Since that violence began exactly 10 years ago today, there has been a decade of voter-approved reforms, two black police chiefs and a campaign to improve the image of the LAPD.

In the riots, hundreds of properties were burned and looted. One of the properties hit was a dental office located in a shopping center in the Crenshaw District, one of the worst-hit areas. Dentist Bill Faulkner, who's black, remembers it vividly.

"Some people were running around and by the time I got there, they had already looted out the practice," said Faulkner. He said the experience left him feeling "violated."

When then President Bush toured the devastation, Faulkner was in the group that heard him promise federal help to rebuild. Through a combination of government and private funding, that shopping center has, indeed, been rebuilt. And Faulkner's new office is there.

Faulkner said the reconstruction was all well and good but the root causes of the riot still existed. "The buildings didn't burn themselves down, the people did. And we repaired the buildings, but we didn't repair the people."

Divisions Still Remain

And when it comes to the people, little appears to have changed in 10 years. South Central still has a high unemployment rate and a high crime rate. Parts of Los Angeles remains deeply divided along racial lines, with an enormous gap between the rich and the poor.

On the plus side, community relations with police have improved somewhat.

The face of the LAPD has changed noticeably since 1992, when the department was almost 60 percent white. Now, 45 percent of the department is white. Nearly half is black or Hispanic.

However, the leadership of the LAPD is once again the subject of controversy.
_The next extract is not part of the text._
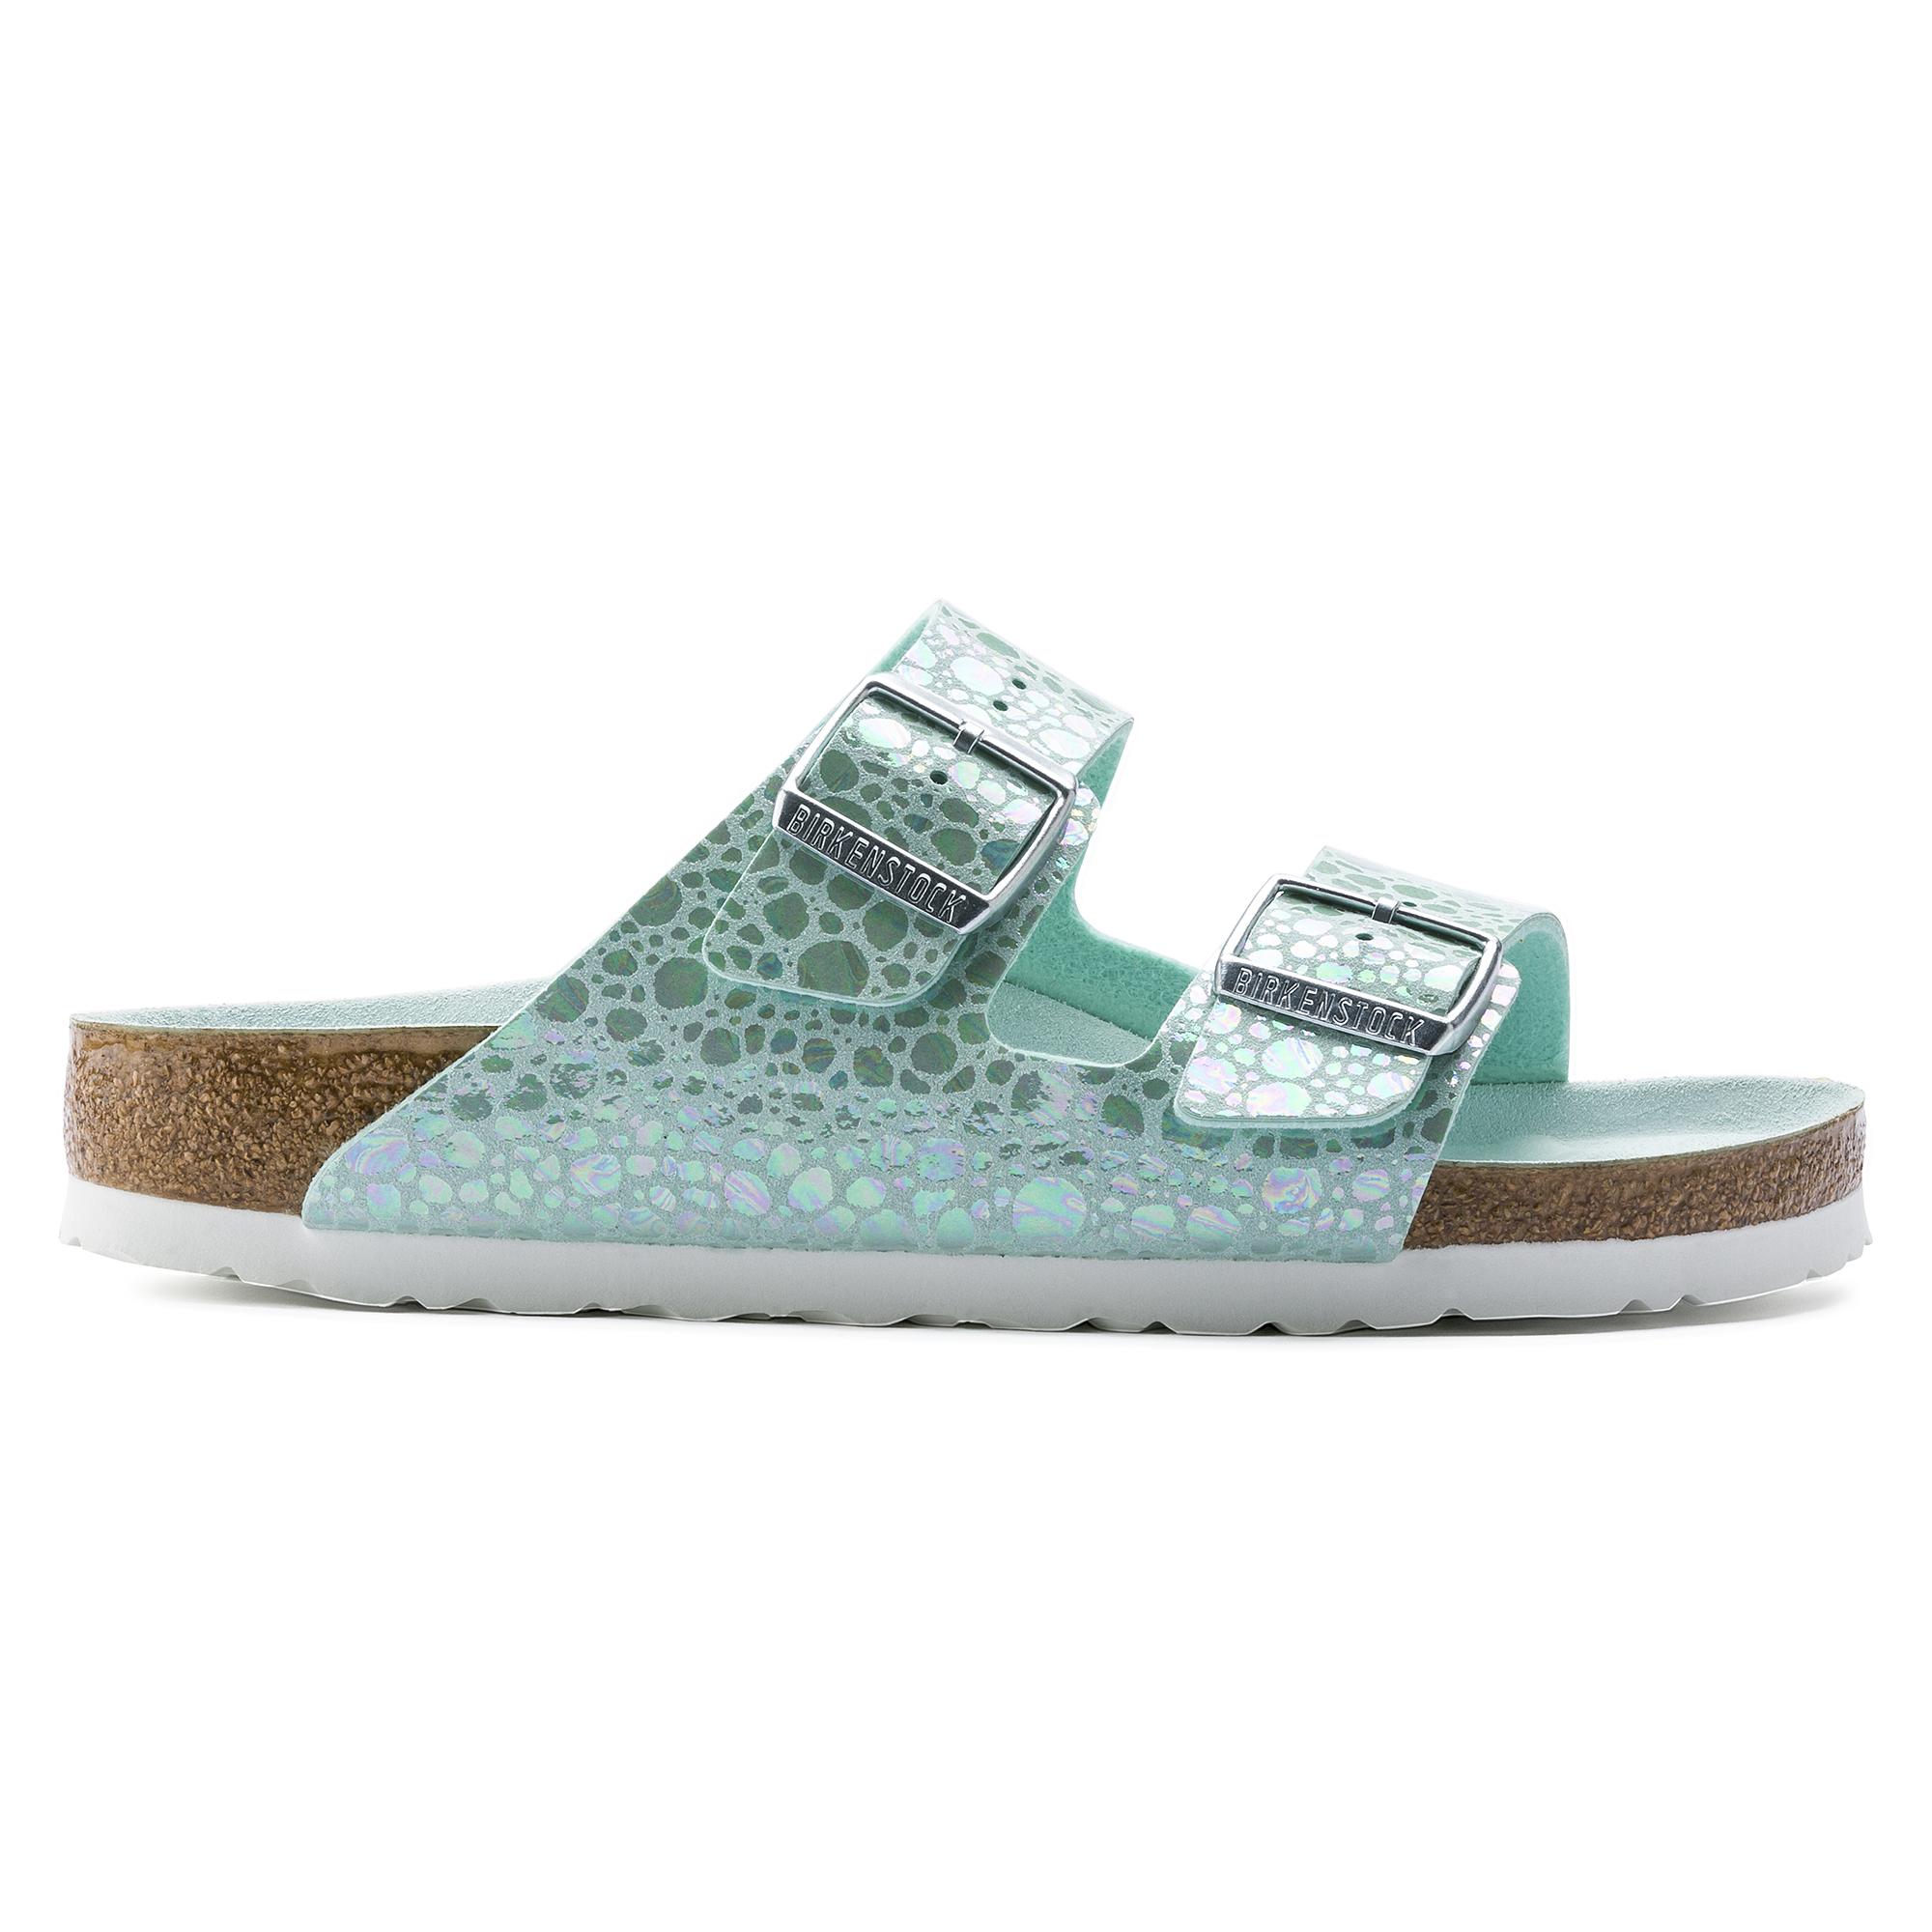 Birkenstock MADRID SLIM Sandal 2019 metallic stones aqua

The recent ouster of Chief Bernard Parks, an African-American, has angered many black residents of L.A., making the selection of a new chief a sensitive issue.

"There's still a code of silence," said Civil Rights Attorney Irwin Chemerinsky. "We're still a department that rewards the tough officer who violates peoples rights."
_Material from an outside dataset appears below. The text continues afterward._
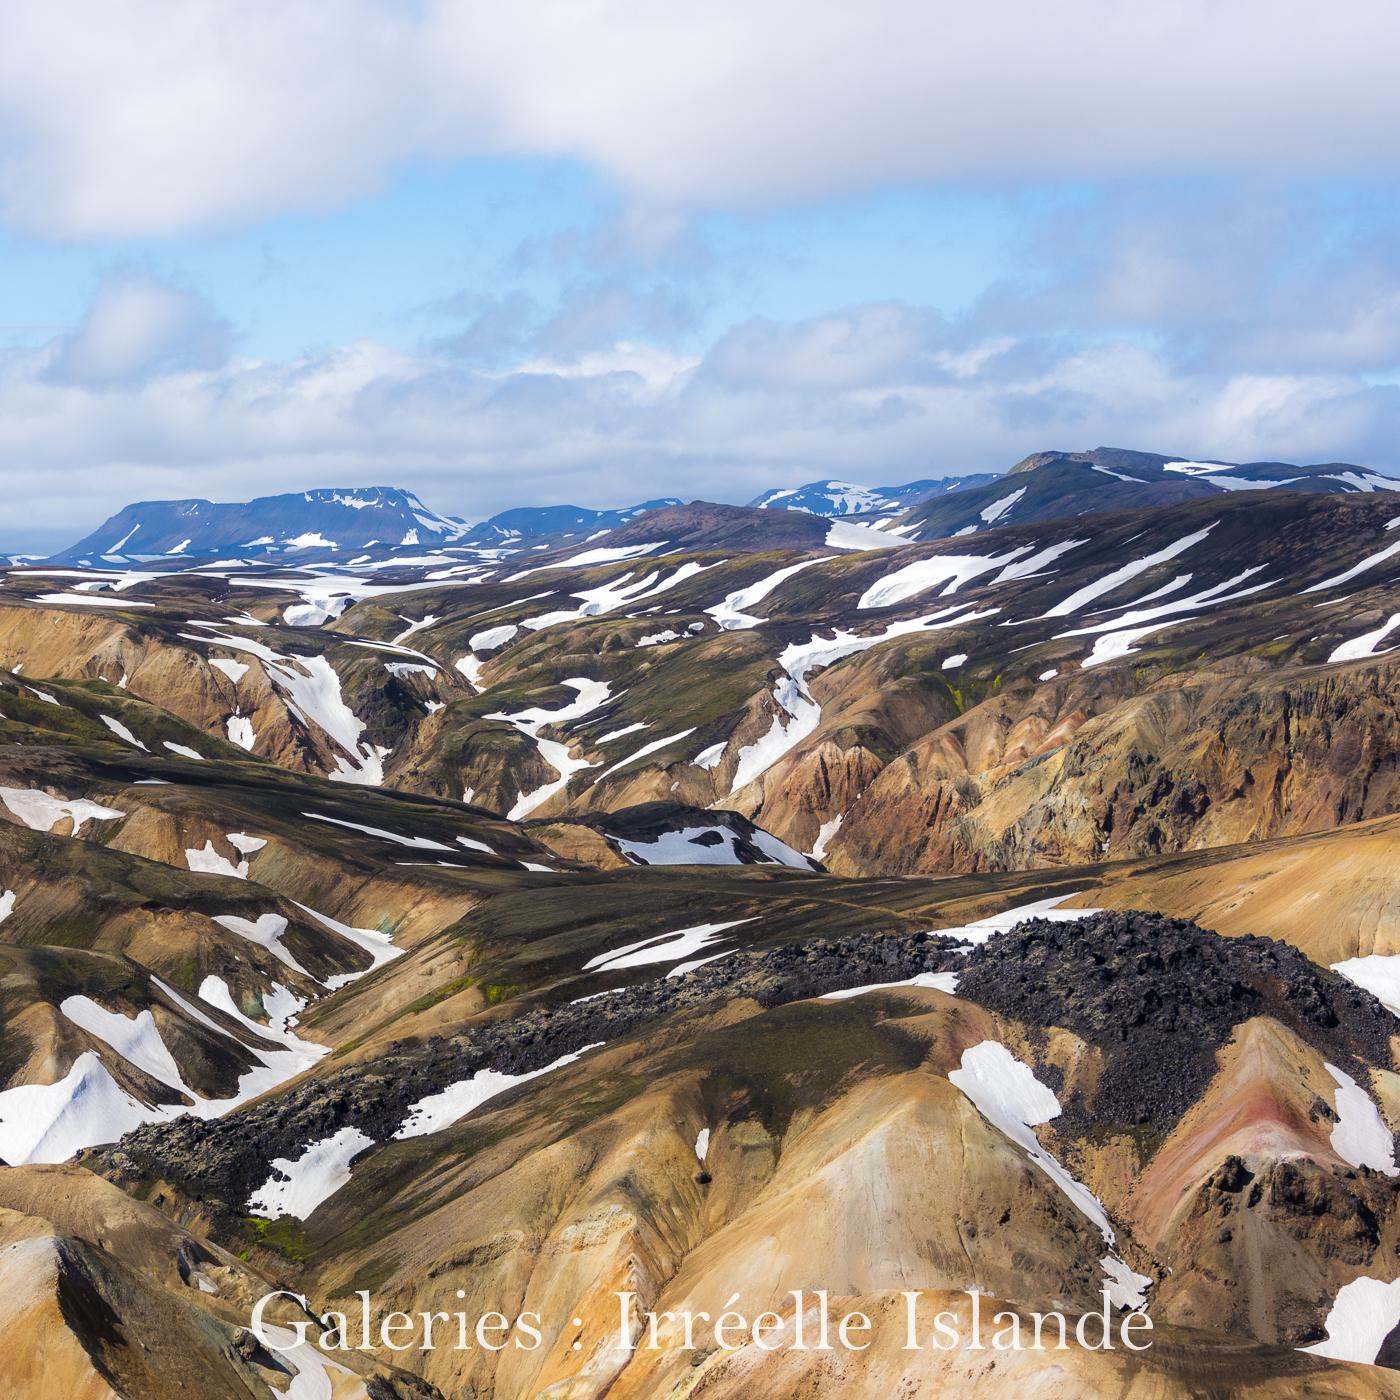 Cliquez ici pour accéder aux galeries : Irréelle Islande

Future Economy Looks Promising

Economically, things look brighter. Many retailers have set up shop in South Central, including large chain grocery stores. And community groups continue to lobby relentlessly for new investment, even providing bus tours for bankers last week.

"All this was burned down in 1992," a tour guide told prospective investors peering out the bus windows. "Now why would you invest this much capital back into the inner city? Not for public relations, but because it makes good economic sense."
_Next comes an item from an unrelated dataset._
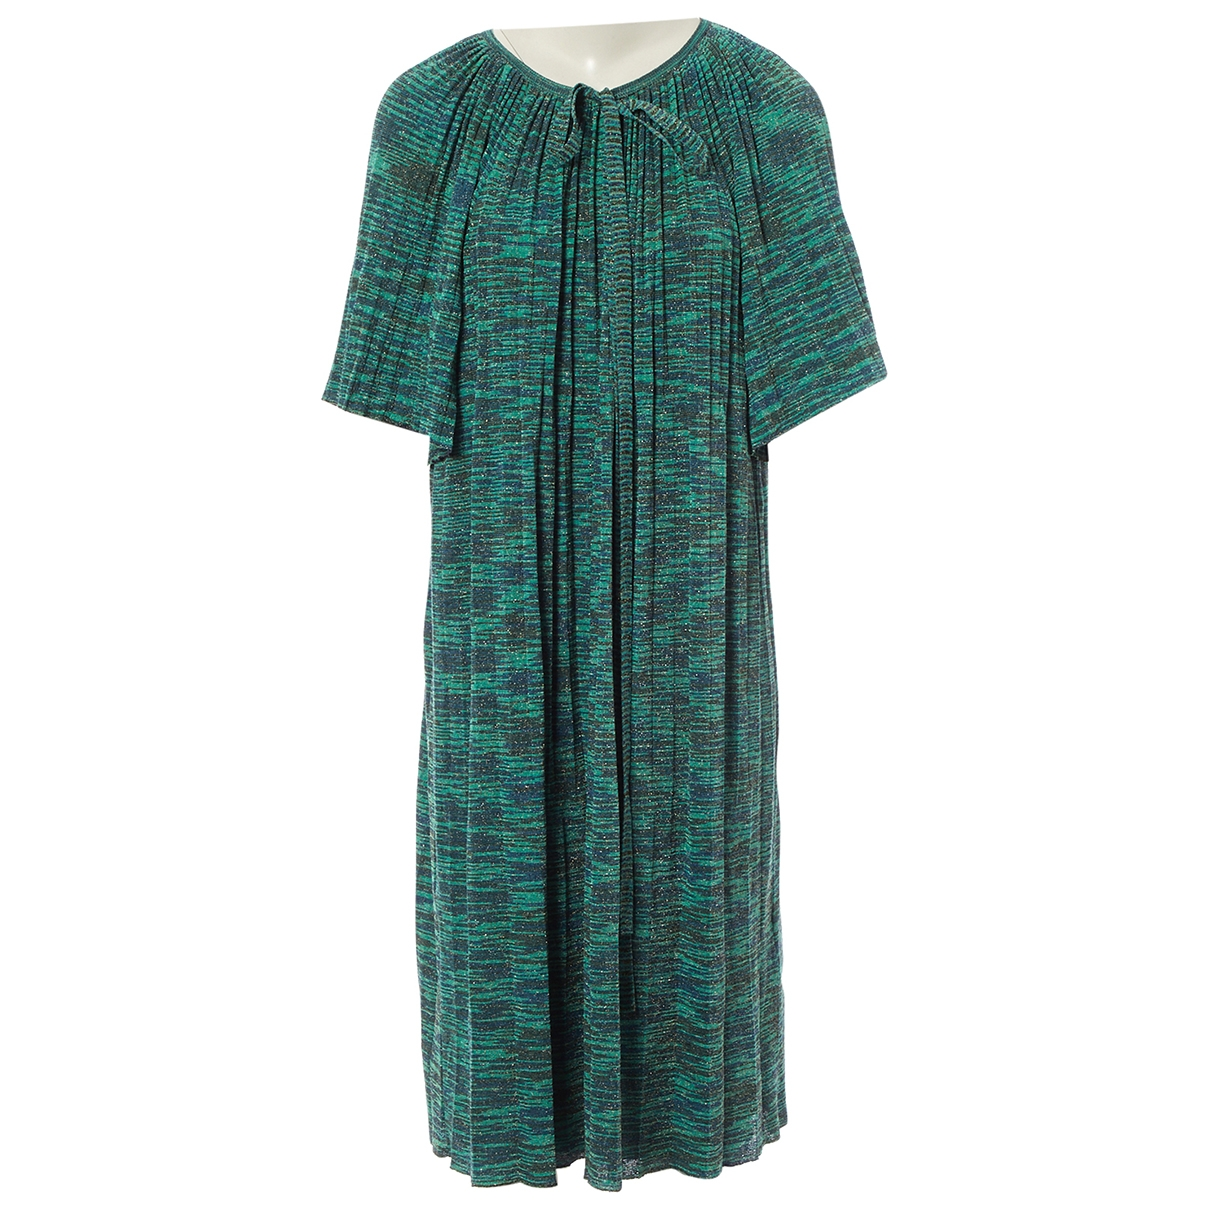 Missoni \N Green dress for Women 40 IT

But there has not been significant investment by the government in the public schools of the inner city. And that infuriates Faulkner, who sends his own children to a private school. He said the failure of the school system had left another generation unfit for employment and ripe for unrest.

"How many of the 18 year olds today have juvenile records," Faulkner said. "How many have turned to drugs, how many have children ahead of their time? How many are dead?"

Without an educational system that gives kids some hope for the future, he says, the potential for more trouble is enormous. "It's still here," he said, frowning, "it's still here. And in time, it will happen again."

He's not alone in that opinion. A recent survey conducted by the Loyola Marymount University in March of L.A. residents shows that 50 percent believe a riot similar to that of 1992 is likely to occur within the next five years.

"It's always the spark, whether it's the verdicts or the Rodney King incident or something else," Mayor James Hahn, who was city attorney at the time, told The Associated Press. "That didn't cause the riots. It was the underlying problems that caused the riots. The spark can come any day."